紙魚の手帖 シミノテチョウ -32ページ目

紙魚の手帖 シミノテチョウ

本のことやら、書くことやら。

今はぼんやりと、休みつつ書いていてネットのアツい波からちょっと離れてみている感じです。

ほんと、どんどん書いてバンバン更新してグングン人気が出たらいいんだけど、まあ、それは無理なんで自分は自分だなーと。「人はひと、自分は自分」を百万回くらい言い聞かせるわけですね。


地元新聞の毎週日曜日に地元の作家の系譜を紹介する記事があります。

ここ数週間は、高橋克彦さんをめぐるその前後の作家さんたちの話でした。

なかに、高い才能を認められていたにもかかわらず、筆を折ってしまった作家のエピソードが載っていました。


その方は、克彦さんより年齢は下だけれど、デビューは先。なかなか芽の出ない克彦さんに、最終的にはどうしても取りたかった直木賞を先に取られてしまう(その方は受賞せずにおわった)。

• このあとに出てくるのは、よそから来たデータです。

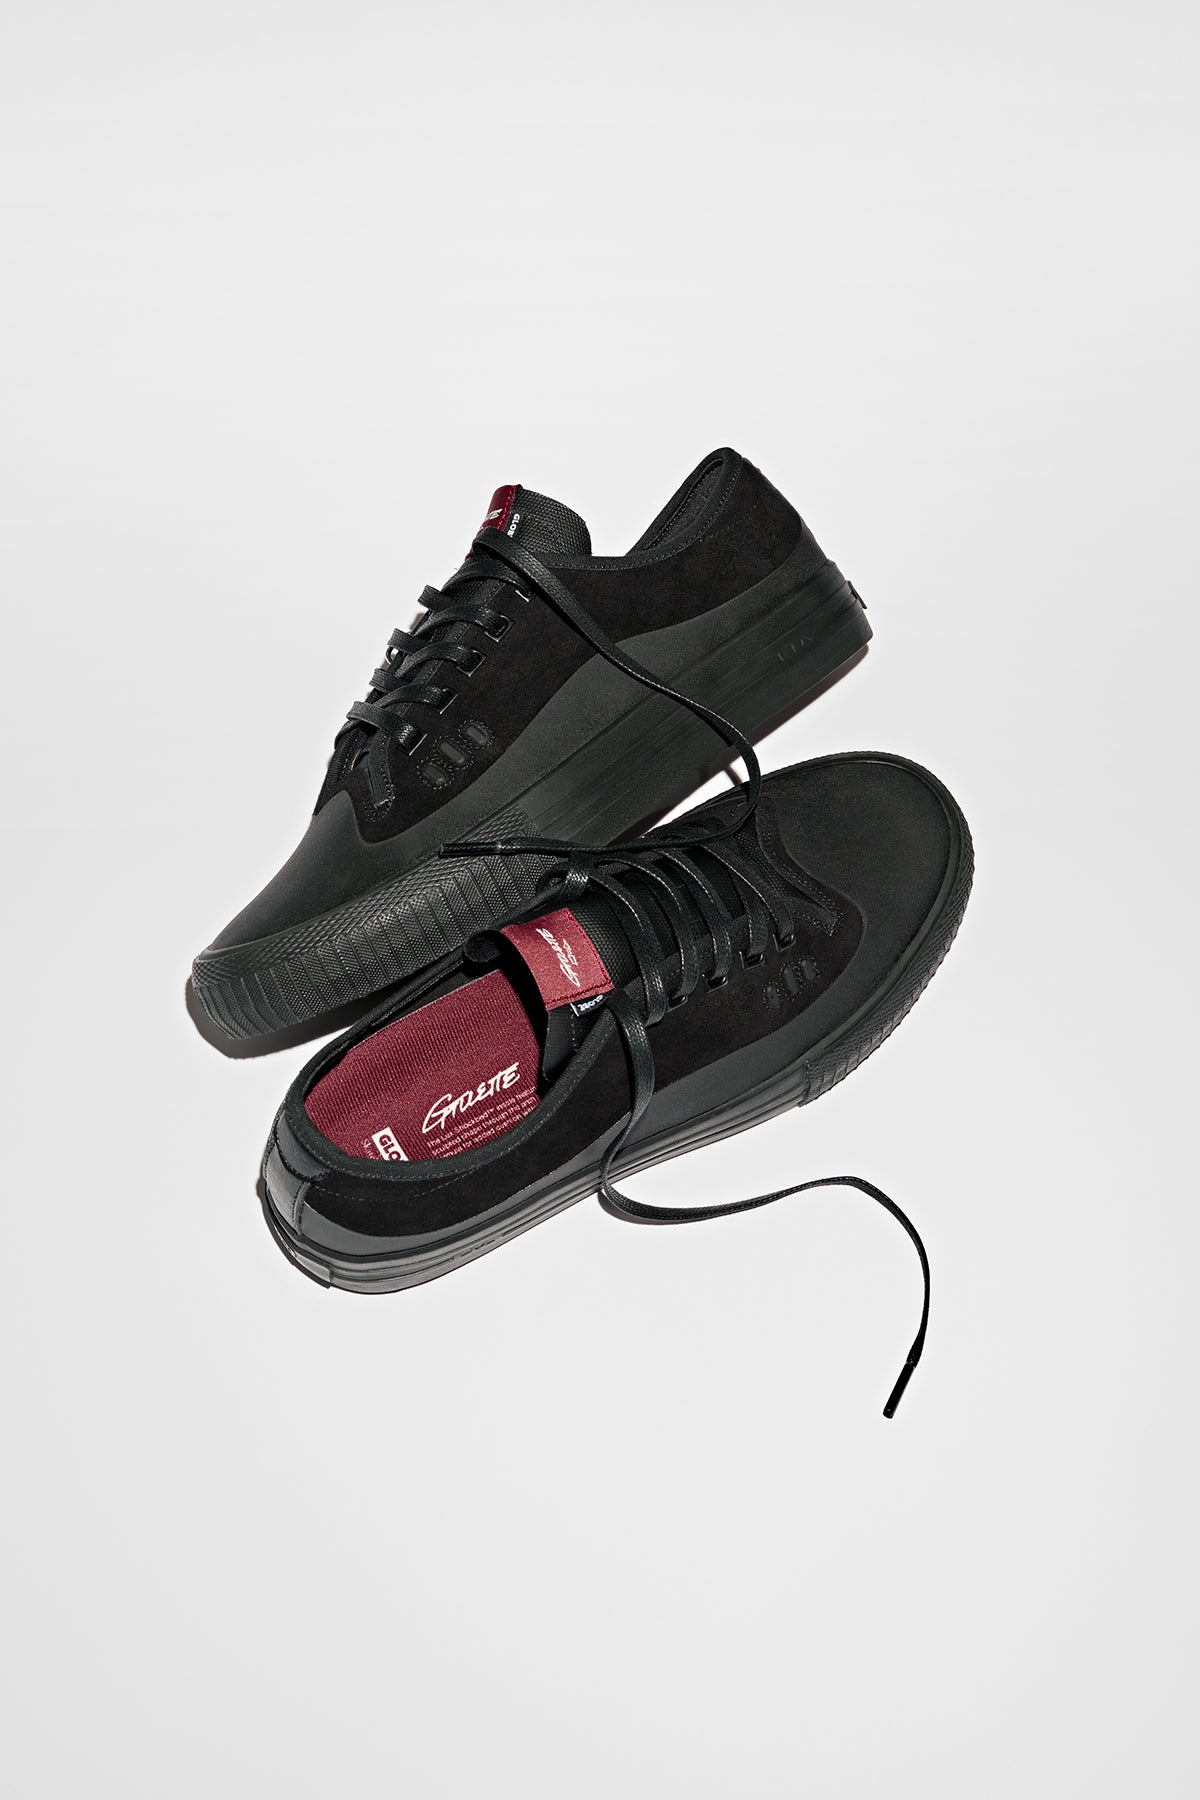 Globe - Gillette - Black/Black Wildleder - skateboard Schuhe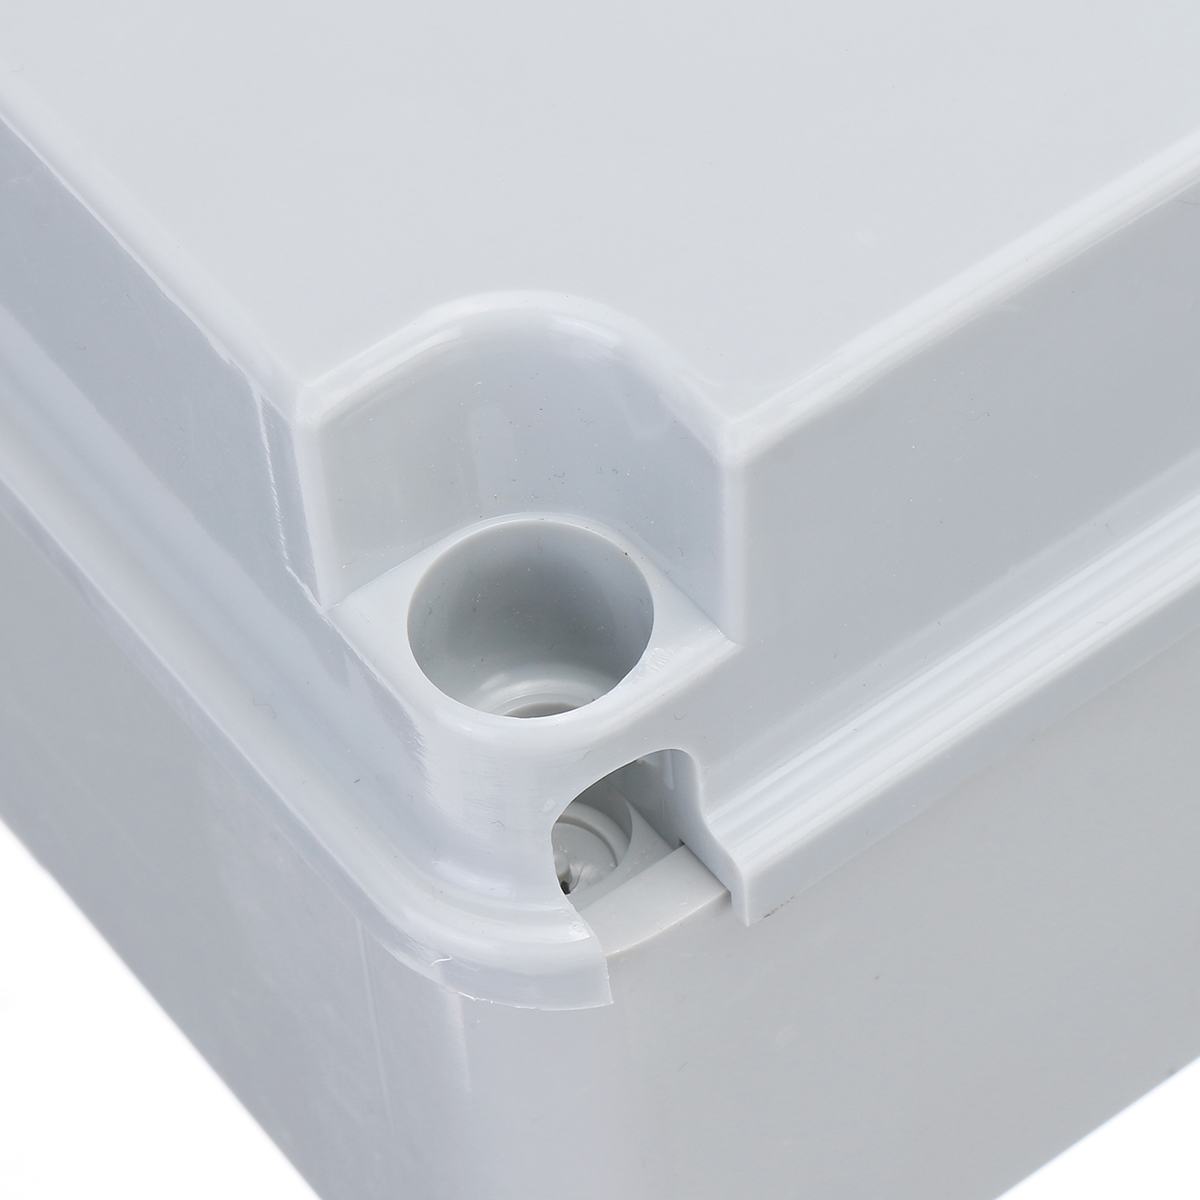 IP65-Weatherproof-PVC-Plastic-Outdoor-Industrial-Adaptive-Junction-Box-Case-1640201-8

その悔しさやストレスから体調を崩すのだけれど、「悪いのは体だから、クスリを飲めばいい」と心のことは無視して、かなりな量の薬を飲んでいたとのこと。

結局五十代で早世してしまうのです


嫉妬や羨望と闘うことの困難さを突き付けられました。

「自分のほうが勝っているはず」という思いこみはなんの根拠もないことです。

たとえ自費出版であっても本を出したことで「自分は作家です」と名乗れるような図太さがワシには無いです(いちおう電書デビューしてますが、重荷といえば重荷)。


そして、本日。

竹宮恵子先生の本のことが載っておりまして。

かつて、トキワ荘のごとく存在した、大泉サロンについても書かれてあると新聞にありました。

大泉サロンには、竹宮先生・萩尾先生を中心にした少女漫画家のあつまりでした。

詳しくは、こちらを参照のこと。

https://ja.wikipedia.org/wiki/%E5%A4%A7%E6%B3%89%E3%82%B5%E3%83%AD%E3%83%B3


竹宮先生からしたら、早熟の天才・萩尾先生の存在は大きかったと。


竹宮先生クラスでも、そうなのか。

そりゃ、萩尾先生いまだに現役でバリバリ書いてるものね。


もうレベルが違うよ……と思ったら、自分なんてホントちっさいわーってなってます。


ほんと、自分のやれることをするしかないのだと。ちっぽけながらも思いました。


プロですら、葛藤しているのだと知ったのならば。